More particularly, the campaign manager 212 can provide a graphical interface for the advertisers 204 enabling the advertisers 204 to manage their ad campaigns. The data, statistics, and analytical tools can include, budget management, time management, reports on various kinds of statistics. Specifically, the reports on various statistics can include amount of time the readers 206 spend viewing content, number of clicks the readers 206 make, social media exposure, and conversion rates.

The publishers 208 can interface with the deliverer block 118 through a domain manager 214. The domain manager 214 can provide the publishers 208 with information such as financial information, availabilities, and reports.

The article deliverer 210 can be coupled to a reader manager 216. The reader manager 216 can operate as an internal sub-component of the deliverer block 118 that is coupled to the article deliverer 210.

The reader manager 216 functions as a data source for factors that can be used by the article deliverer 210. The reader manager 216 can store the readers 206 online activities and histories that can be used by the article deliverer 210 to provide recommendations to the articles 128 or to provide the articles 128 themselves.

The processors 114 of FIG. 1 can execute steps of control flows, implementing the article deliverer 210, the campaign manager 212, and the domain manager 214. The reader manager 216 can be implemented and utilize the processors 114 to execute control flows for the reader manager 216.

The reader manager 216 can further utilize non-transitory computer readable medium to store the histories and the activities of the readers 206. The deliverer block 118 is depicted as coupled to the databases 116, which can directly provide the domains 124, the URLs 126, and the articles 128 to the deliverer block 118.

Referring now to FIG. 3, therein is shown a control flow for the article deliverer 210 of FIG. 2. The steps of the control flow can be executed by the processors 114 of FIG. 1. Further, data used by the steps of the control flow or resulting from the steps of the control flow can be stored in non-transitory computer readable medium, for example in the database 116 of FIG. 1.

The article deliverer 210 can begin with a collection of information in a collection step 302. The collection step 302 can collect reader information 304 about the reader 206 of FIG. 2 with a creative 306.

The reader information 304 can include information such as current page, current session, click histories and browsing histories. It is contemplated that the readers 206 entire click history can be collected and three days of the readers 206 browsing history.
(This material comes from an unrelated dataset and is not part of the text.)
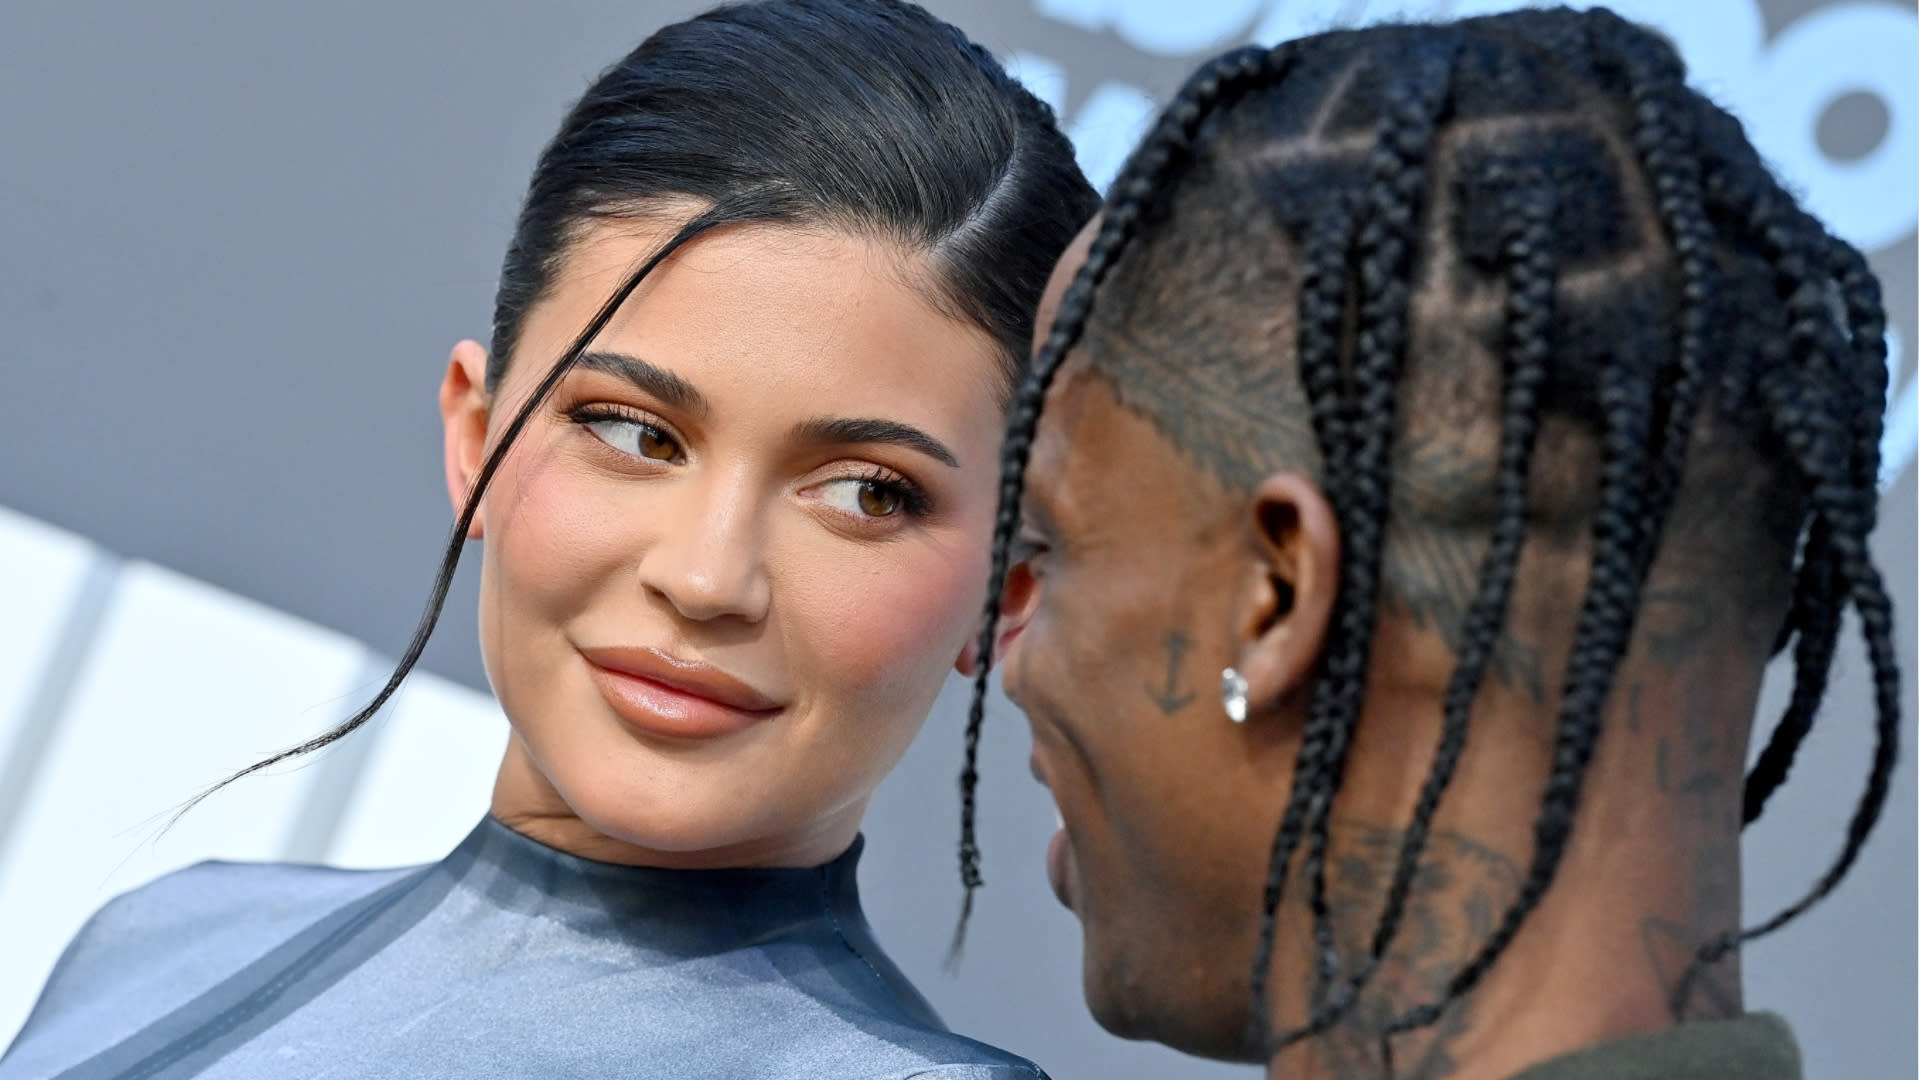 Photos from Kylie Jenner and Stormi Webster Play Dress-Up in Her Closet
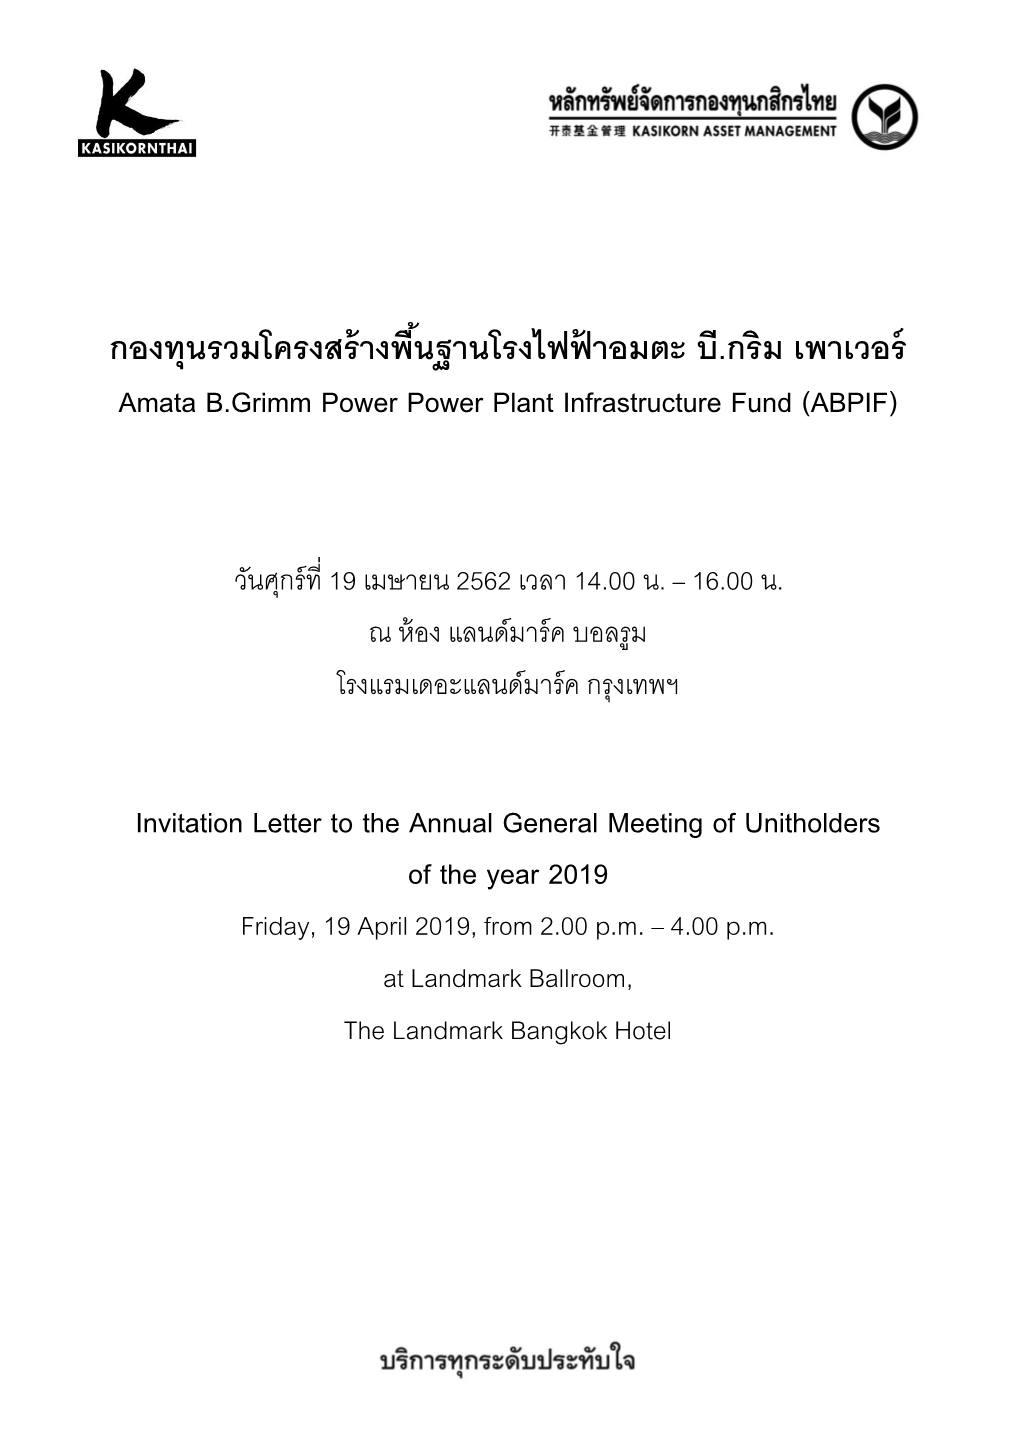 Amata B.Grimm Power Power Plant Infrastructure Fund (ABPIF)

The reader information 304 can be collected by the creative 306 as used herein means a piece of code for the publishers 208 to install into the publisher websites 110. The creative 306 collects the reader information 304 and makes requests to the deliverer block 118 of FIG. 1 for appropriate articles 128 of FIG. 1, which can be advertisements.

The collection step 302 can further collect creative information 308. The creative information 308 can include the position of the creative 306 relative to other components on the publisher websites 110, the transparency of the creative 306, and the number of creatives 306 used by the publisher websites 110.

Once the reader information 304 is collected by the creative 306 and the creative information 308 is collected, the article deliverer 210 can execute a creative validation step 310. During the creative validation step 310, the creative 306 can be validated.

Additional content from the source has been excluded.